# Help!! Spud has destroyed metal crate



## farmmom (Jan 4, 2009)

Spud has separation issues, and will destroy the house if left alone, so he gets "calming" supplement and is crated when I have to leave him. (I don't think the supplement is working, so advice in that area would help as well.) His crate is heavy wire which he has managed to break the welds in and break it so badly that it won't stay together anymore. He can't be put in the outside kennel, because he can clear the 6ft fence! I'm afraid to tie him out because of all the stray dogs, and the neighbors I can't trust not to steal him. I need HELP!!!

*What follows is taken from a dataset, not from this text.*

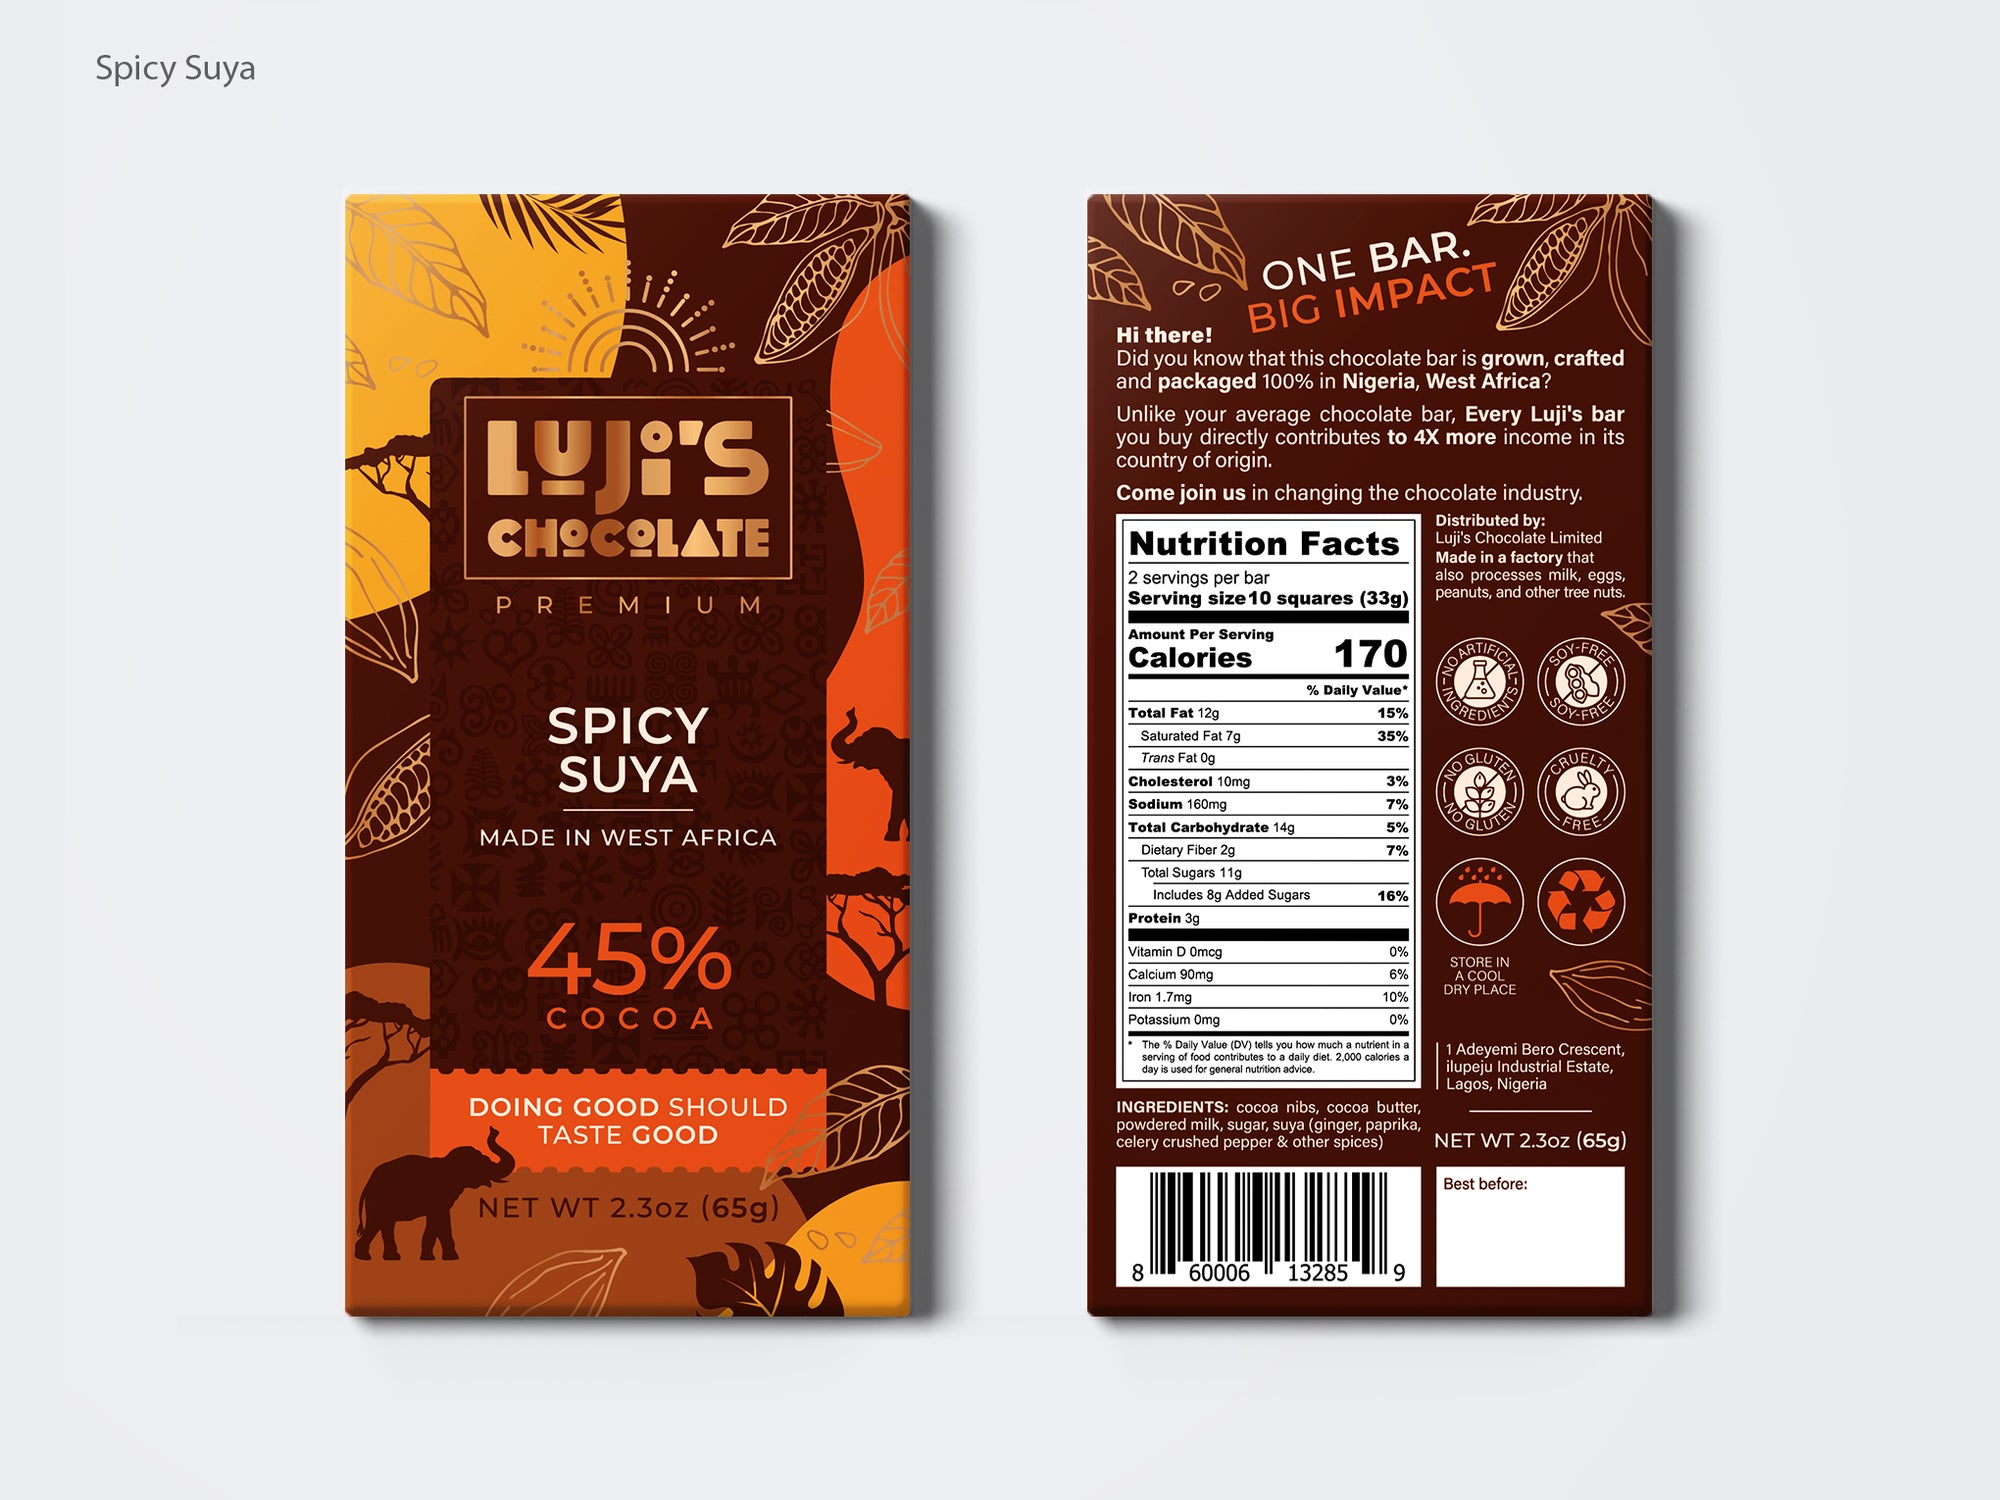 A dual-view of Luji's Chocolate Spicy Suya flavor, featuring a front design with an elephant silhouette against a brown and orange backdrop that states '45% Cocoa' and 'Made in West Africa,' plus the slogan 'Doing Good Should Taste Good.' The reverse side details of the chocolate's Nigerian origin, ingredients list, nutritional facts, and the company's commitment to increasing local farmers' income.

Spud is currently in training as an Autism service dog, so goes many places with us, but not all. I hate leaving him alone, but sometimes there is no choice. I need something that can contain him inside the house!


----------



## gapeach (Dec 23, 2011)

I believe the only thing to do is to get a heavy duty crate like they use in dog kennels. 
We had a dog who destroyed our crate but we got heavy duty wire pieces and wired it back together. Reinforced in the places that were still together.


----------



## beccachow (Nov 8, 2008)

Brandy manages to unlatch the door and pull it inside somehow. I have had to padlock her in . I tried wire ties etc but she chews them off. Somehow she managed to undo a "C" clamp and get out.

Valerian is a good calming supplement, you could even try melatonin about 20 minutes before you leave.


----------



## farmmom (Jan 4, 2009)

beccachow said:


> Brandy manages to unlatch the door and pull it inside somehow. I have had to padlock her in . I tried wire ties etc but she chews them off. Somehow she managed to undo a "C" clamp and get out.
> 
> Valerian is a good calming supplement, you could even try melatonin about 20 minutes before you leave.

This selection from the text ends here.